If the Governor successfully made such an argument, it would be unfortunate on at least two counts:
- substantively, since the whole argument (made in the Explanatory Note, and in the Minister’s speech) is the benefits of diverse perspectives. Such perspectives would be likely to be more valuable usual in an unconventional environment, which management had not previously experienced,
- transparency. The bill envisages requiring that some (pretty neutered) MPC minutes will have to be routinely published. But if the important stuff of monetary policy is still being decided by the Governor – not just him block-voting management in the committee – even what limited gains we might hope for around transparency and accountability will be foregone.

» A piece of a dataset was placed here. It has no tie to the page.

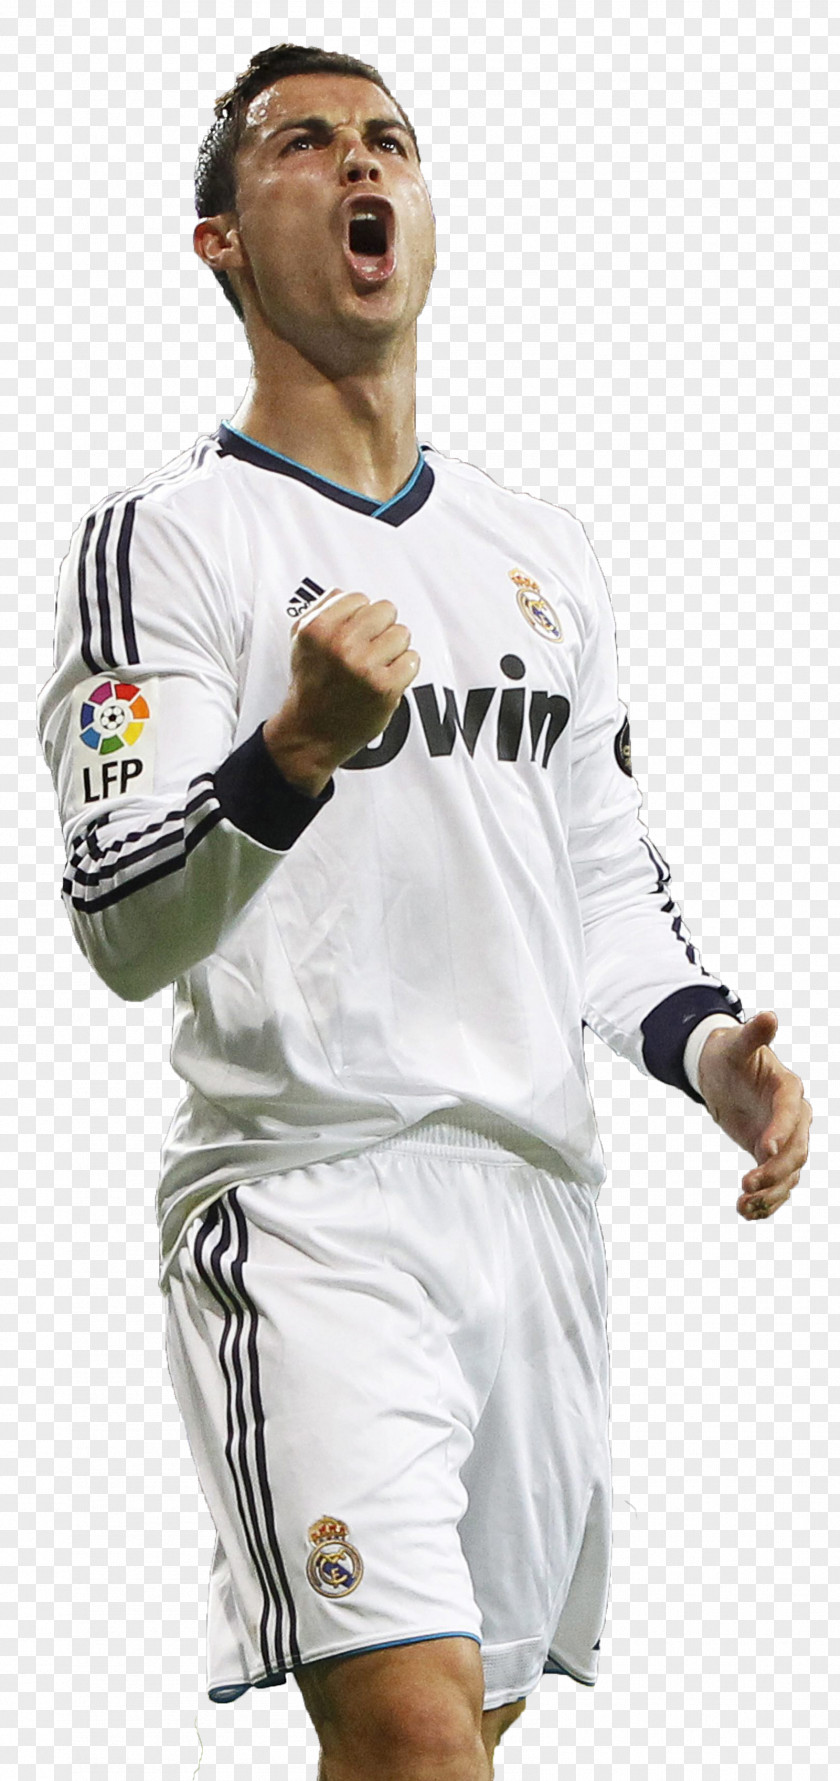 Footballer Cristiano Ronaldo Real Madrid C.F. Portugal National Football Team Player Clip Art PNG

Of course, one way of looking at all this is to observe that if I’m right and the new legislation just cements in effective control by the Governor (through his management majority of the committee, and his likely clout with the board regarding the handful of externals) perhaps it doesn’t really matter very much. Good people are likely to be reluctant to accept appointment, and that would simply be reinforced during a period when the OCR itself was neutered.
But, presumably the Minister doesn’t accept that interpretation (after all, he talks about the benefits of committees, diverse perspectives etc). Nor, presumably, does the Opposition – who talk up the risks to the independence of the Bank. The legislation should be better-worded:
- it should be explicit that the MPC has responsibility for decisions on the OCR or any official interest rate,
- it should be explicit that the MPC has policy responsibility for matters to do with foreign exchange intervention done in support of monetary policy, and for policy parameters around domestic liquidity management,
- it should be explicit that policy matters to do with, for example, QE should be matters for the MPC
- operational decisions on matters within these mandates would be matter for the Governor, but accountable to the MPC,
- and, at very least, the MPC should be free to make written representations on any other aspects of Bank responsibility which, in their view, are likely to affect their ability to deliver the remit objectives.
Consistent with that, of course, the MPC should have a clear majority of outsiders, and a clear majority of the members (preferably all) should be directly appointed by the Minister of Finance, without the involvement of the Bank’s (ill-qualified, illegitimate, and unaccountable) Board.